There has been some pushback and a few reversals or delays.

Peace favor your sword,
Kirk


----------



## Steve

gpseymour said:


> The cognitive benefit I mention is from taking notes by hand. It activates different areas of the brain, and requires a level of synthesis not needed when typing (because we generally type faster). Cursive is generally much faster than print, so someone without cursive will be very limited in their ability to take notes by hand.


there is something to be said for typing faster, or we wouldn't have had people proficient in shorthand before computers were widely available.

All,I can really say for sure is that my two adult kids learned it and never use it, and my 3rd grader is learning it and I suspect will also never really use it.  Personally, I'm much more worked up when I hear about eliminating recess.   That and school nutrition... at least here it is terrible what they feed the kids in the school provided lunches.


----------



## Gerry Seymour

Steve said:


> there is something to be said for typing faster, or we wouldn't have had people proficient in shorthand before computers were widely available.
> 
> All,I can really say for sure is that my two adult kids learned it and never use it, and my 3rd grader is learning it and I suspect will also never really use it.  Personally, I'm much more worked up when I hear about eliminating recess.   That and school nutrition... at least here it is terrible what they feed the kids in the school provided lunches.


I agree on those last two points, Steve. As for kids never using cursive, how did they take notes? Most of my notes were part cursive, part print. If they can print fast enough, the cursive isn't necessary, but most of us are much faster with cursive. And the memory benefits of writing (even using shorthand) are significant. The benefits of having to synthesize because we can't write it all down (meaning not using shorthand) are also significant. There's definitely a need to be able to type fast, especially today. Notes on a computer are for reference. Notes by hand are for memory and reference.

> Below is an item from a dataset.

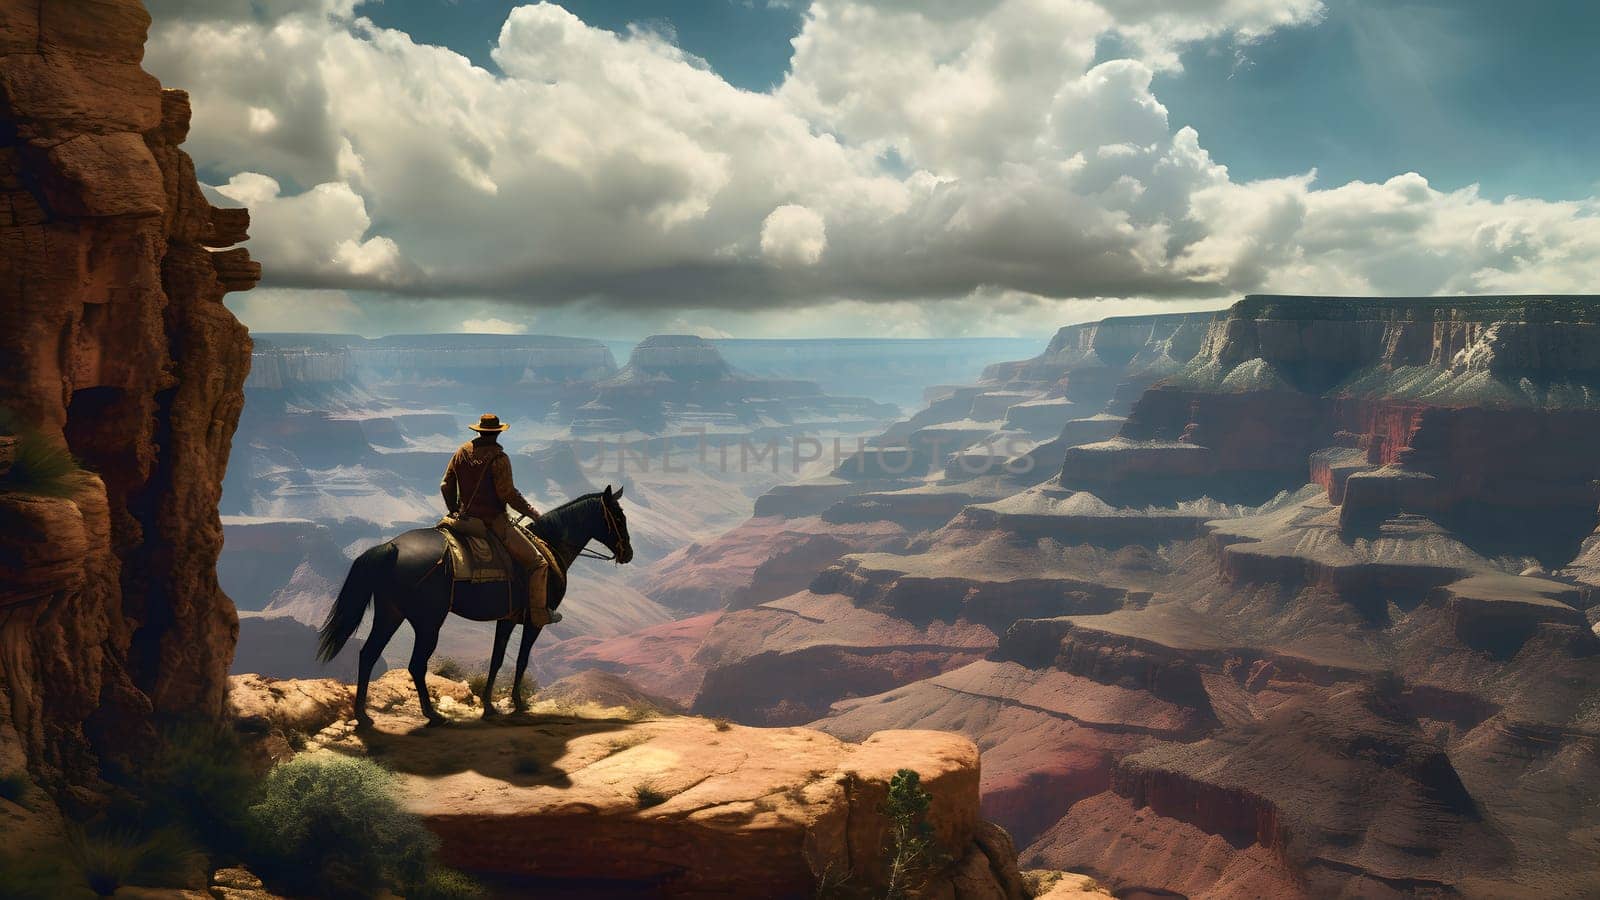 cowboy on the horse at edge of the grand canyon, neural network generated photorealistic image by z1b

I actually teach business people to combine the two, so they have the computer notes for reference, and written note so they don't need the reference notes as often.

Wow, we are WAAAAY off-topic now, Steve!


----------



## Flying Crane

Steve said:


> there is something to be said for typing faster, or we wouldn't have had people proficient in shorthand before computers were widely available.
> 
> All,I can really say for sure is that my two adult kids learned it and never use it, and my 3rd grader is learning it and I suspect will also never really use it.  Personally, I'm much more worked up when I hear about eliminating recess.   That and school nutrition... at least here it is terrible what they feed the kids in the school provided lunches.


I use cursive every day, tho admittedly it's often a mix of cursive and print.  

I've seen reports that in education, the act of writing notes in class is more effective in retaining the information, than typing on a laptop in class.  Of course writing could be cursive or printing.


----------



## lklawson

gpseymour said:


> Wow, we are WAAAAY off-topic now, Steve!


What?!?  Thread drift?!?  Here?!?!

Peace favor your sword,
Kirk


----------



## Gerry Seymour

lklawson said:


> What?!?  Thread drift?!?  Here?!?!
> 
> Peace favor your sword,
> Kirk


Shocking, I know. And for me to be involved is simply scandalous.


----------



## Steve

Ive never taken notes using the International Phonetic Alphabet, but probably because I've never learned it.   I think more is made of this than the situation warrants,   It's a few different things.  1.  We tend to justify what we do, and dismiss what we don't.  And 2.  We like to wring our hands when our kids do things differently. 

If you find it helpful to take notes by hand, I say more power to you.   My experience is that many managers never use paper for notes and manage very well.  The one benefit paper notes can have is in labor relations.  if a manager keeps extensive jogger notes, keeping them electronically could cause problems.

Edit...  to tie this back to my thoughts in kata, if you do them and find them helpful, more power to you.  But we have ample evidence that kata (and paper notes) are one way to do things, but not better than many other ways to do the same things.


----------



## Gerry Seymour

Steve said:


> Ive never taken notes using the International Phonetic Alphabet, but probably because I've never learned it.   I think more is made of this than the situation warrants,   It's a few different things.  1.  We tend to justify what we do, and dismiss what we don't.  And 2.  We like to wring our hands when our kids do things differently.
> 
> If you find it helpful to take notes by hand, I say more power to you.   My experience is that many managers never use paper for notes and manage very well.  The one benefit paper notes can have is in labor relations.  if a manager keeps extensive jogger notes, keeping them electronically could cause problems.
> 
> Edit...  to tie this back to my thoughts in kata, if you do them and find them helpful, more power to you.  But we have ample evidence that kata (and paper notes) are one way to do things, but not better than many other ways to do the same things.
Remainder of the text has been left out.